Devoxx – Day two – Caching

2010-12-07 21:22
Day two started with a really good talk on caching architectures by Greg Luck. He first motivated why caching works: Even with SSIDs being available now there is still a huge performance gap between RAM access times and having to go to disk. The issue is even worse in systems that are architected in a distributed way making frequent calls to remote systems.

When sizing systems for typical load, what is oftentimes forgotten is that there is no such thing as typical load: Usually the load distribution observed over one day for a service used mainly in one time zone has the shape of an elephant – most queries are issued during lunch time (head of the elephant) with another but smaller peak during the afternoon. This pattern repeats when looking at the weekly distribution, repeats again when looking at the yearly distribution. When looking at the peak time of the year, at the peak day, at the peak time your lead may be increased by several orders of magnitude compared to average load.

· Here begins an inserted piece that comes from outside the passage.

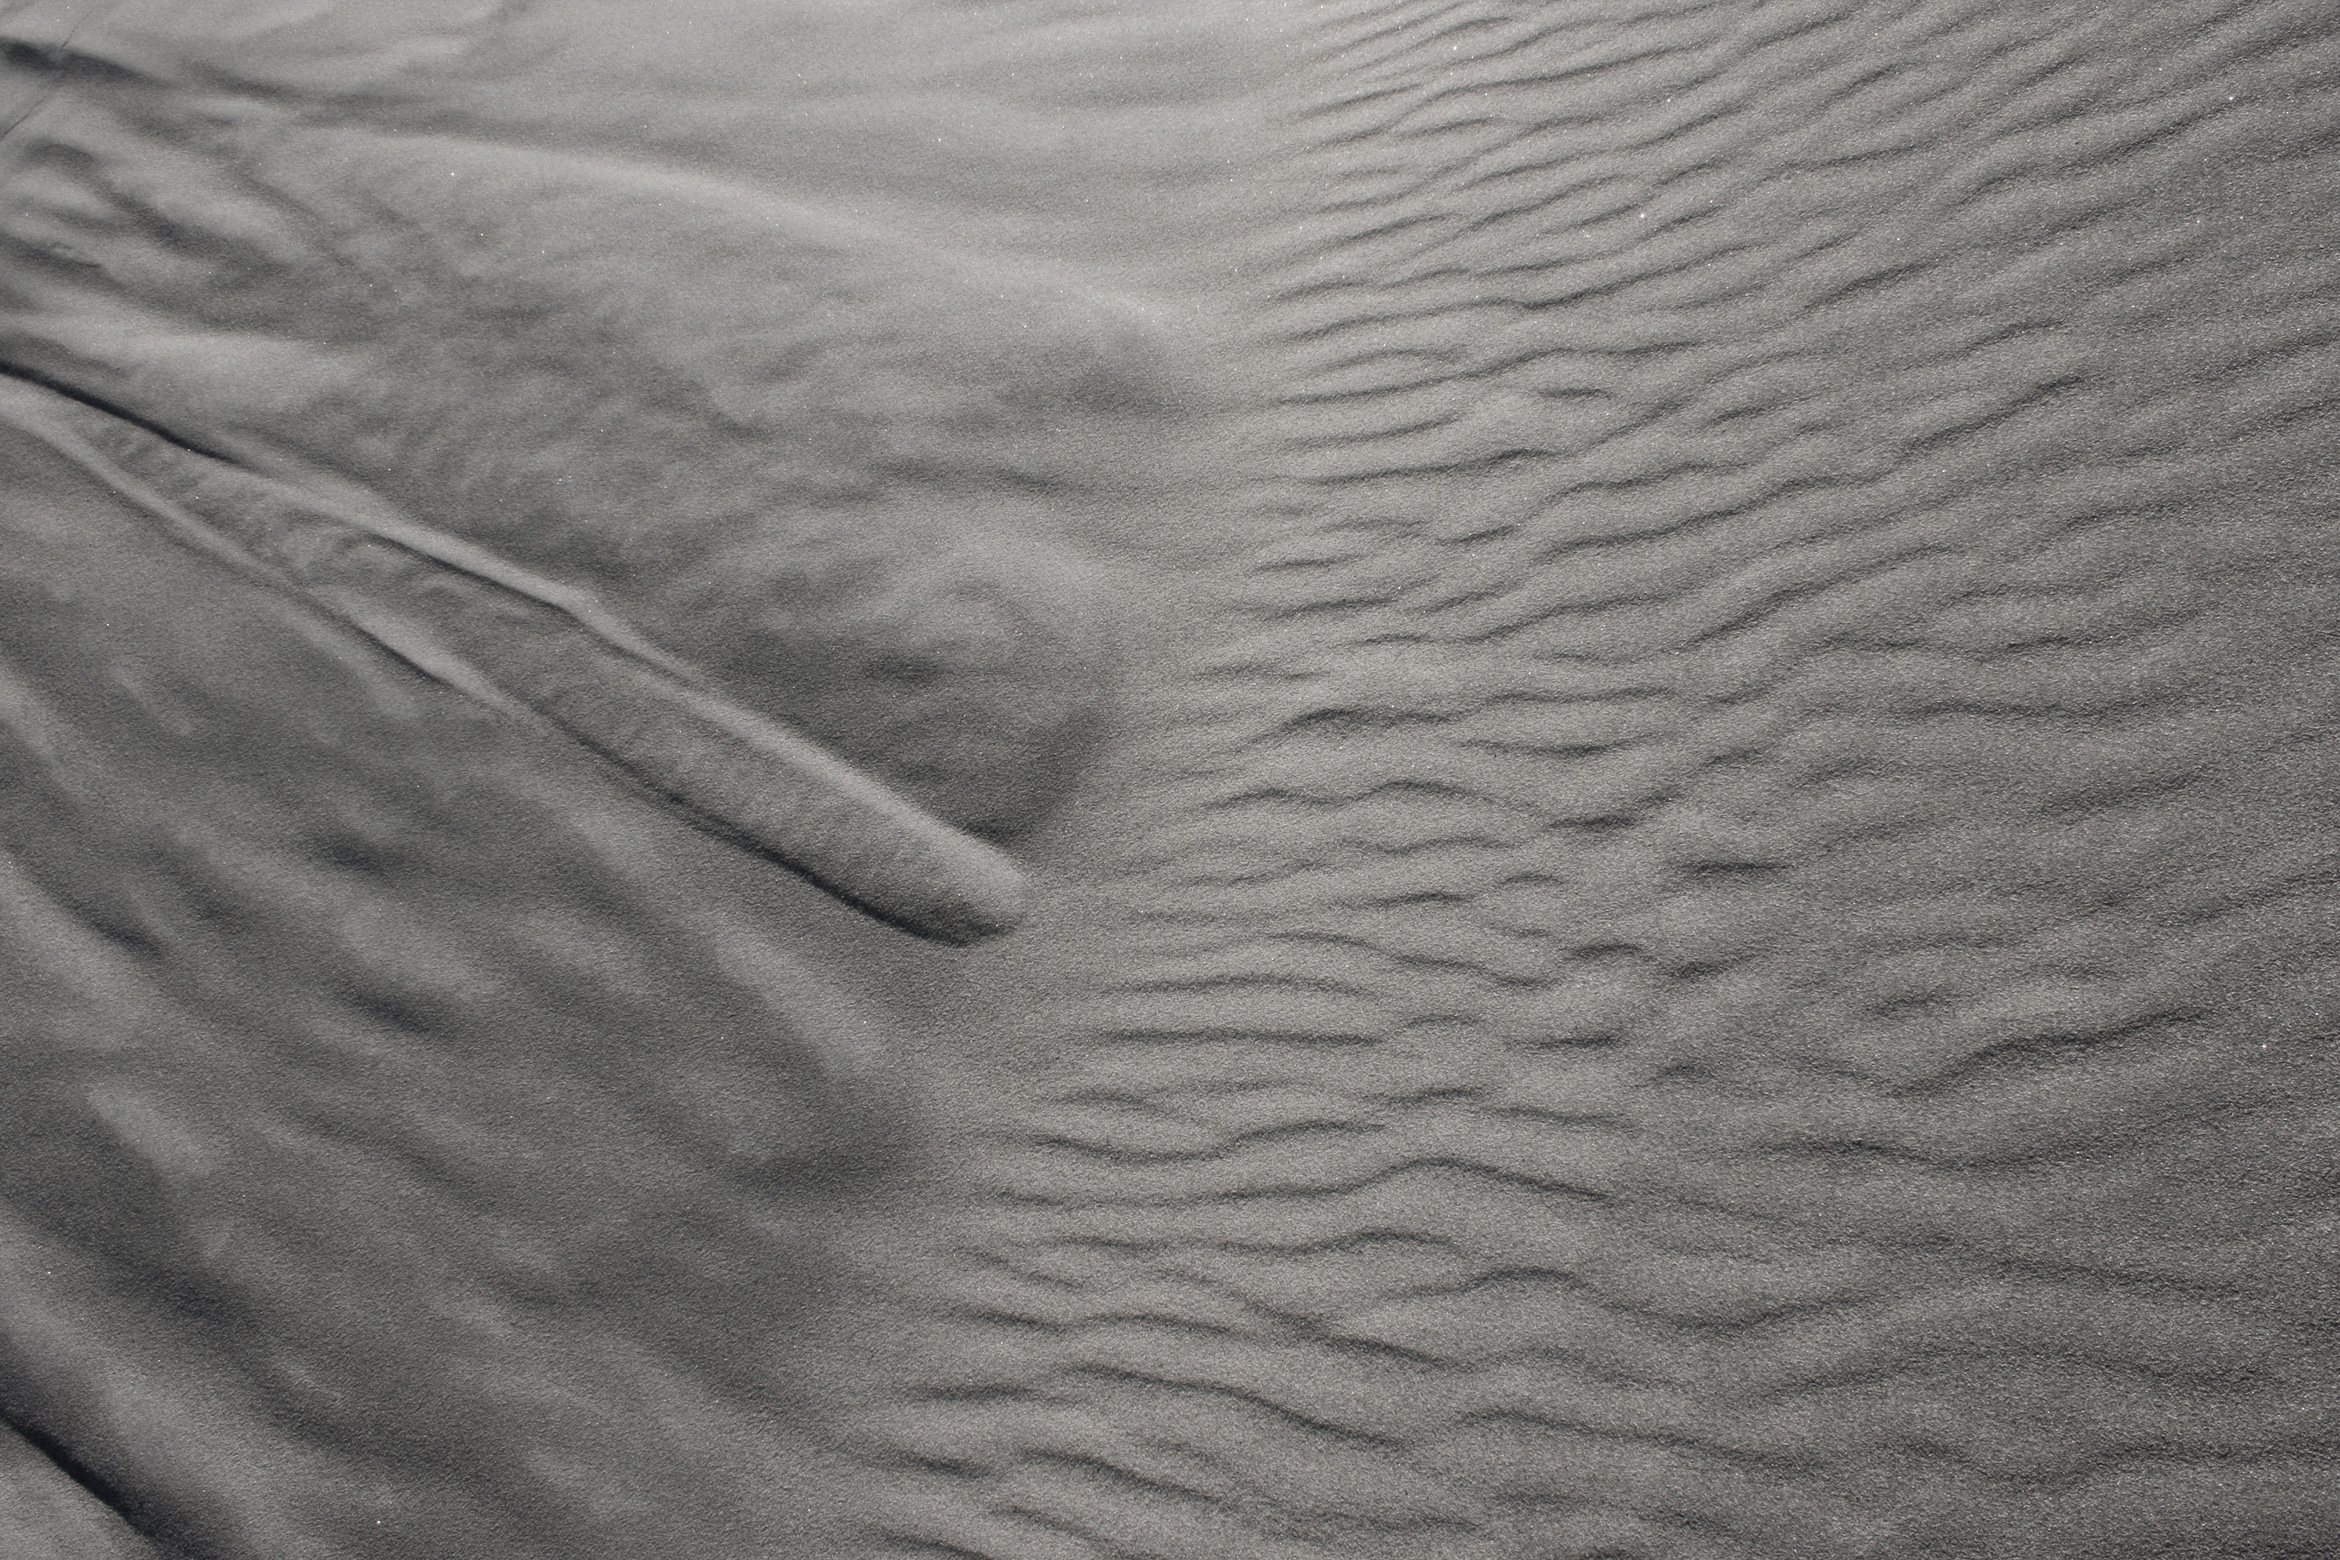 sand-patterns-wind-black-sand-nz1

Although query volume may be high in most applications that reach out for caching, these queries usually exhibit a power law distribution. This means that there are just a few queries being issued very frequently, however many queries are pretty seldom. This pattern allows for high cache hit rates thus reducing load substantially even during very busy times.

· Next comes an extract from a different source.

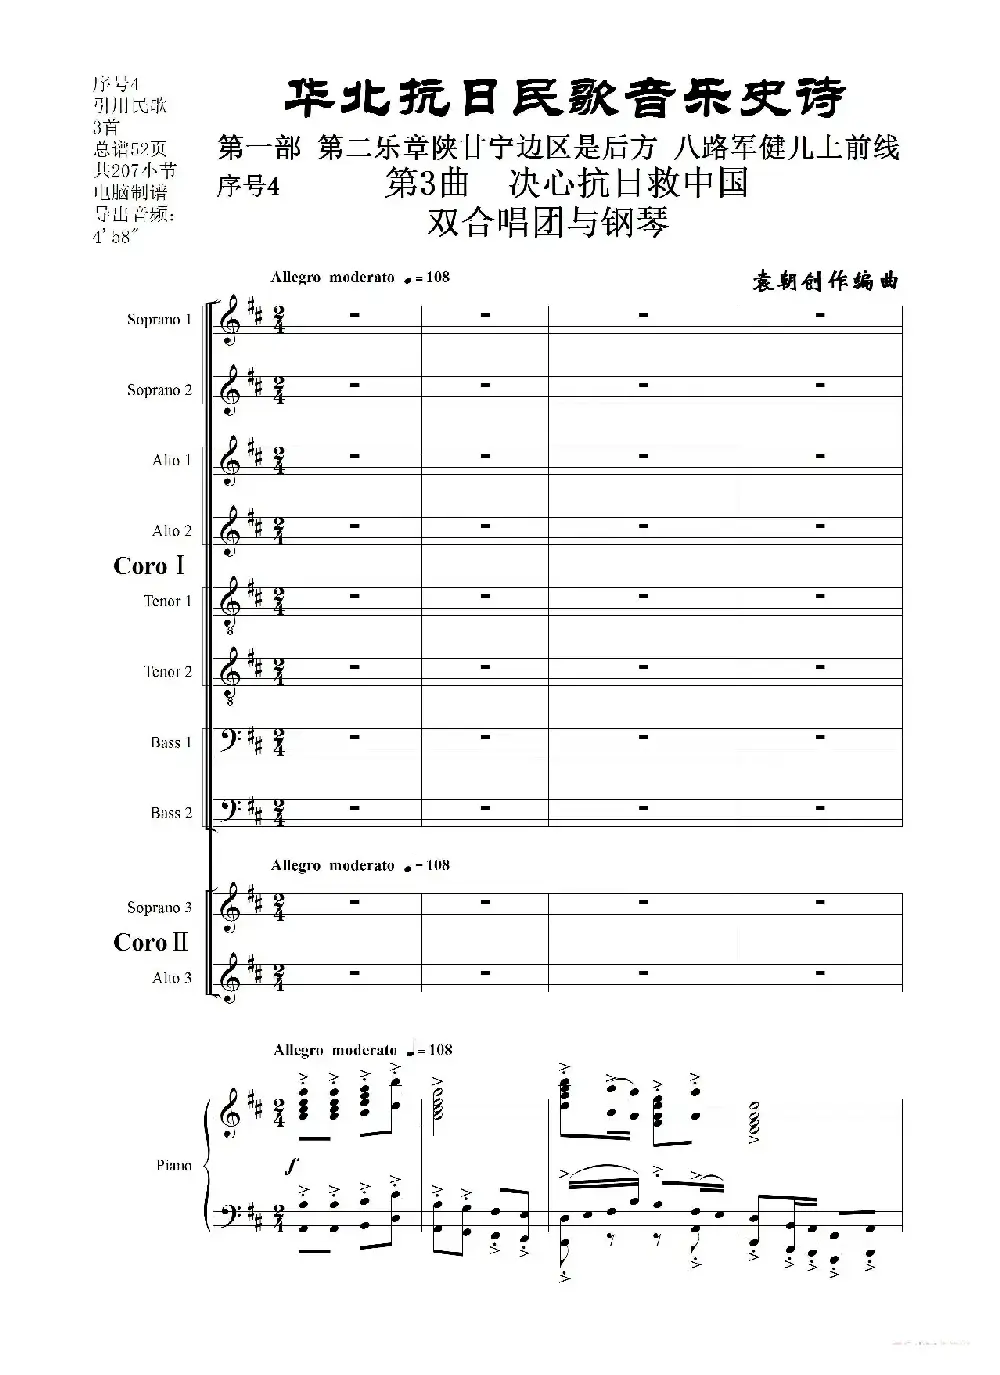 重发：序号4第3曲《决心抗日救中国》双合唱团与钢琴

The speaker went into some more detail concerning different architectures: Usually projects start with one cache located directly on the frontend server. When scaling horizontally and adding more and more frontends this leads to an ever increasing load on the database during one period of lifetime for one cached item. The first idea employed to remedy this setup is to link the different caches to each other increasing cache hit rates. Problem here are updates racing to the various caches when the same query is issued to the backend by more than one frontend. The usual next step is to go for a distributed remote cache such as memcache. Of course this has the draw-back of now having to do a network call for each cache access slowing down response times by several milliseconds. Another problem with distributed caching systems is a theorem well known to people building distributed NoSQL databases: CAP says that you can get only two of the three desired properties consistency, availability and partition-tolerance. Ehcache with a terracotta back end lets you configure where your priority lies.